Clinical-Genomics / preClinVar

A ClinVar API submission helper written in FastAPI
MIT License
1 stars 0 forks source link

Submission status is "error"... #82

Closed dnil closed 1 year ago

dnil commented 1 year ago

Oopsie with the submission from yesterday: Screenshot 2023-02-01 at 08 03 37

Any chance of seeing that error, or is it lost in a http response somewhere?

This could of course be a Scout error as well, or both, since it flagged as submitted ok in there, but let's start somewhere. 😊

northwestwitch commented 1 year ago

I wasn't watching the repo, sorry, Now I'm aware of all that happens around here.

I was watching the logs from the preClinVar container and this is all 🤔

image

Does it mean that it returns a file when the submission fails? We should return that to the user then!
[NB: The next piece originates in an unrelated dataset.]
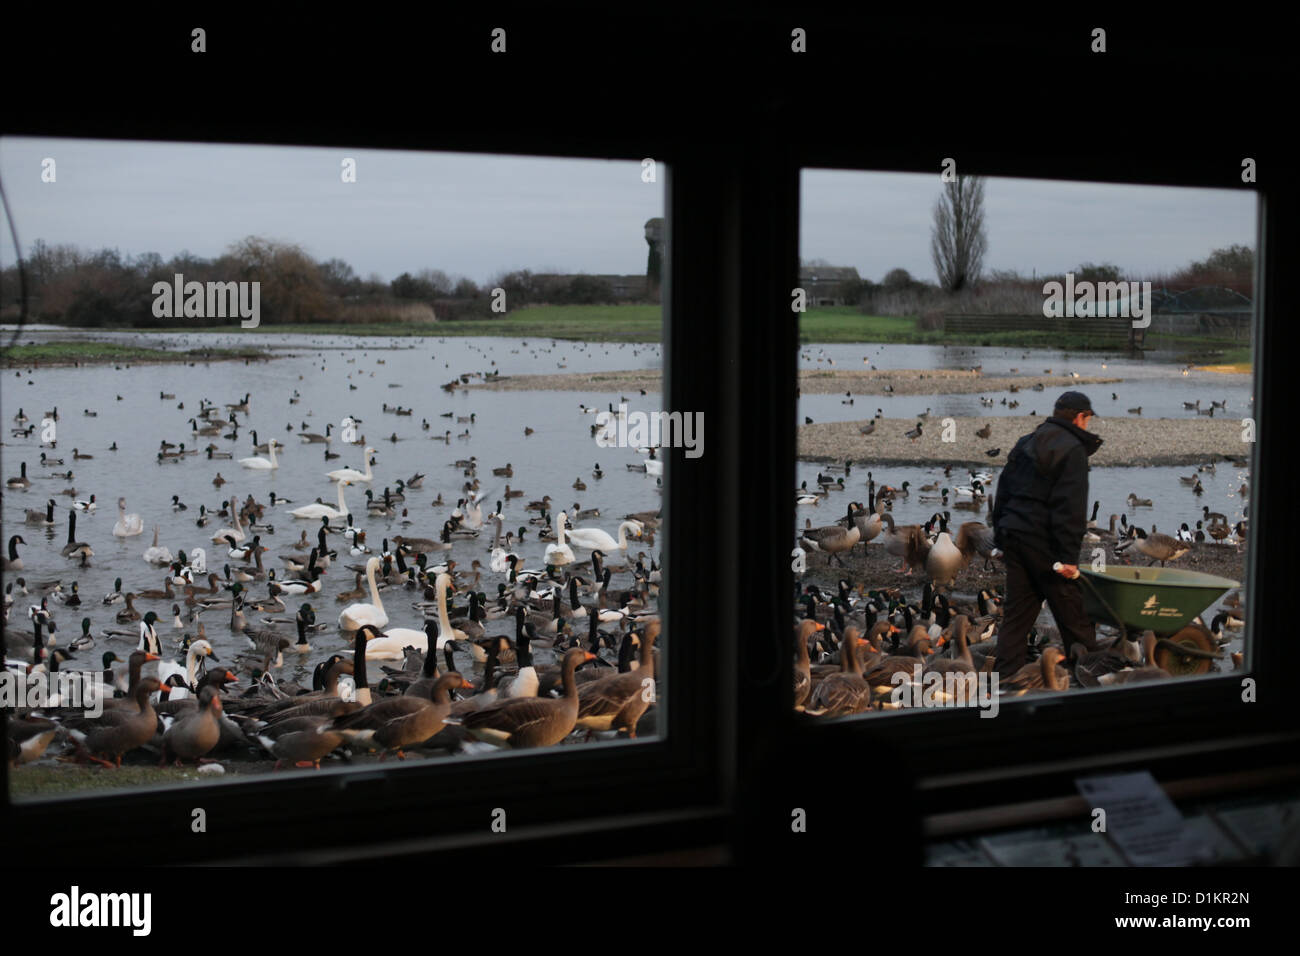 WWT Slimbridge Wetland Centre, Gloucestershire, UK. Pictured - A WWT member of staff puts out feed for birds Stock Photo
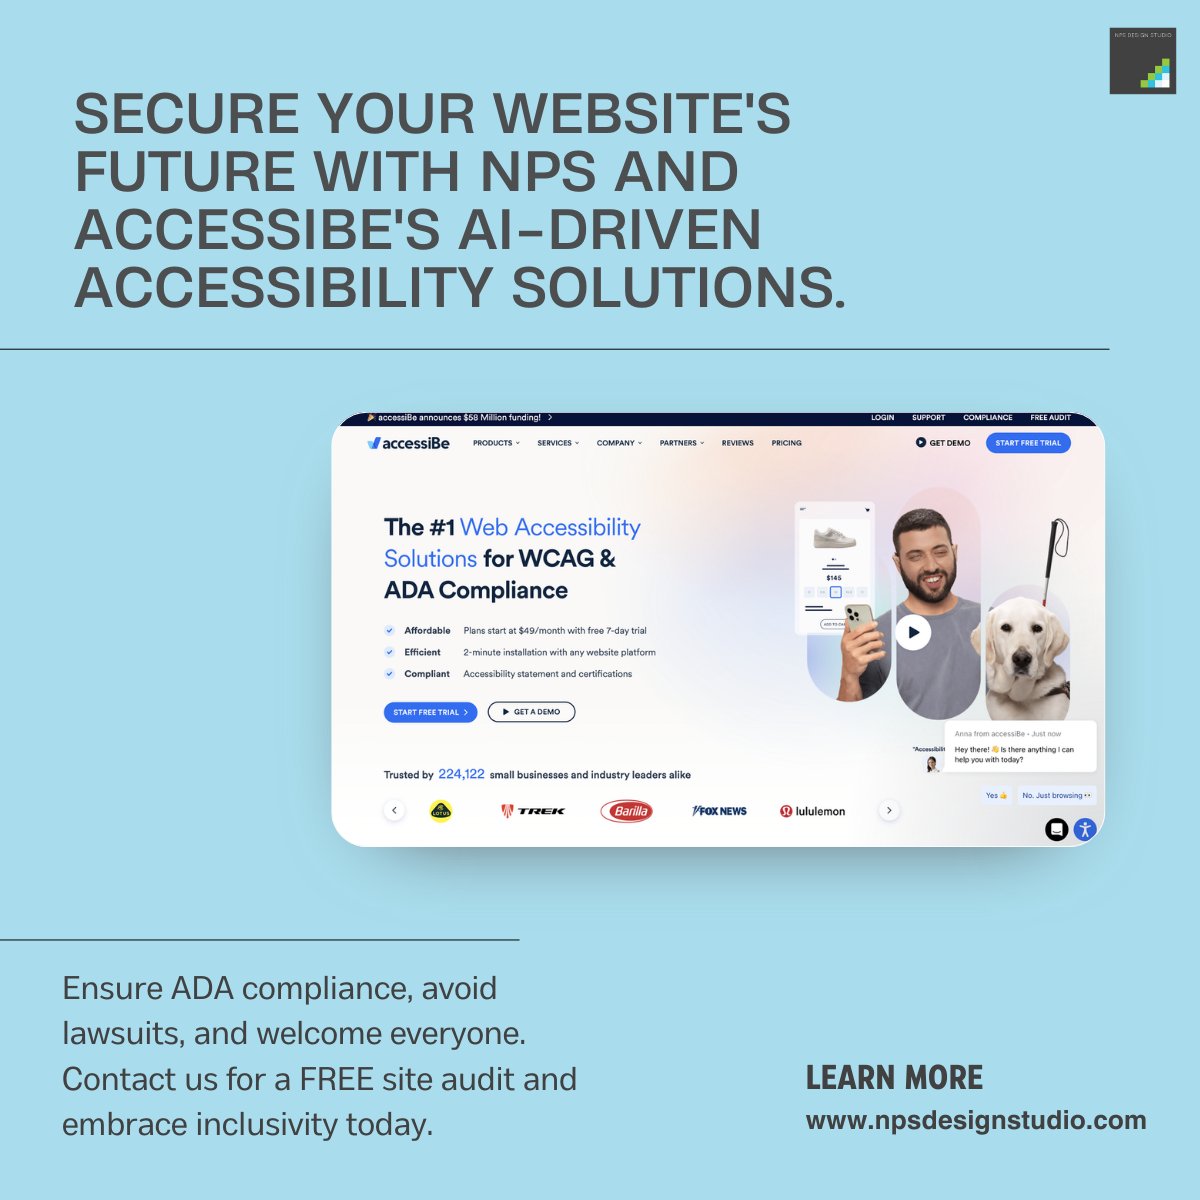 Secure your website's future with NPS and accessiBe's AI-driven accessibility solutions. Ensure ADA compliance, avoid lawsuits, and welcome everyone. Contact us for a FREE site audit and embrace inclusivity today. #WebAccessibility #ADACompliance #NPSDesignStudio

northwestwitch commented 1 year ago

Perhaps we can check that error by monitoring the submission status, either directly on the ClinVar API or adding the endpoint here or in scout:

The easiest for now would be their API:

Check it here: https://www.ncbi.nlm.nih.gov/clinvar/docs/api_http/

And then go to Submission status

Unfortunately I can't do that because the key is personal. Let me know what it says!

dnil commented 1 year ago

Running

curl -s -D - --header "Content-type: application/json" --header "SP-API-KEY: veryverysecret" "https://submit.ncbi.nlm.nih.gov/api/v1/submissions/SUB12692623/actions/"

gives the reply

HTTP/2 200
strict-transport-security: max-age=31536000; includeSubDomains; preload
content-type: application/json; charset=UTF-8
content-length: 486
set-cookie: ncbi_sid=C806E90960DBD678%5F2CF2SID; Max-Age=31536000; Domain=.nih.gov; Path=/; Secure; $x-enc=URI_ENCODING
x-ua-compatible: IE=Edge
x-xss-protection: 1; mode=block
date: Thu, 02 Feb 2023 07:34:35 GMT
server: Apache

{"actions":[{"id":"SUB12692623-1","targetDb":"clinvar","status":"error","updated":"2023-01-31T15:42:04.015724Z","responses":[{"status":"error","message":{"severity":"error","errorCode":"2","text":"Your ClinVar submission processing status is \"Error\". Please find the details in the file referenced by actions[0].responses[0].files[0].url."},"files":[{"url":"https://submit.ncbi.nlm.nih.gov/api/2.0/files/ehafpkdp/sub12692623-summary-report.json/?format=attachment"}],"objects":[]}]}]}%

The url linked file is this:

{
    "submissionName": "SUB12692621",
    "submissionDate": "2023-01-31",
    "batchProcessingStatus": "Error",
    "batchReleaseStatus": "Not released",
    "totalCount": 2,
    "totalErrors": 2,
    "totalSuccess": 0,
    "totalPublic": 0,
    "submissions": [
        {
            "identifiers": {
                "localID": "132e32467e349705de78dd1d6d5c9523",
                "clinvarLocalKey": "132e32467e349705de78dd1d6d5c9523"
            },
            "processingStatus": "Error",
            "errors": [
                {
                    "input": [
                        {
                            "field": "HGVS.hgvs",
                            "value": ":c.607dup"
                        }
                    ],
                    "output": {
                        "errors": [
                            {
                                "userMessage": "The provided sequence identifier does not have a version."
                            }
                        ]
                    }
                }
            ]
        },
        {
            "identifiers": {
                "localID": "58783f657a44698c5f65d4222198faa2",
                "clinvarLocalKey": "58783f657a44698c5f65d4222198faa2"
            },
            "processingStatus": "Error",
            "errors": [
                {
                    "input": [
                        {
                            "field": "HGVS.hgvs",
                            "value": ":c.347_349del"
                        }
                    ],
                    "output": {
                        "errors": [
                            {
                                "userMessage": "The provided sequence identifier does not have a version."
                            }
                        ]
                    }
                }
            ]
        }
    ]
}

So two things; first one seems to be the transcript doesn't seem to have been concatenated with the c-value for a full HGVS. I'm going to guess it is actually a bug in the preclinvar submission, but there is also a chance we have some weirdness with the scout communication/ui, as the transcript name was retrieved remotely from variantvalidator and then supposed to be passed on.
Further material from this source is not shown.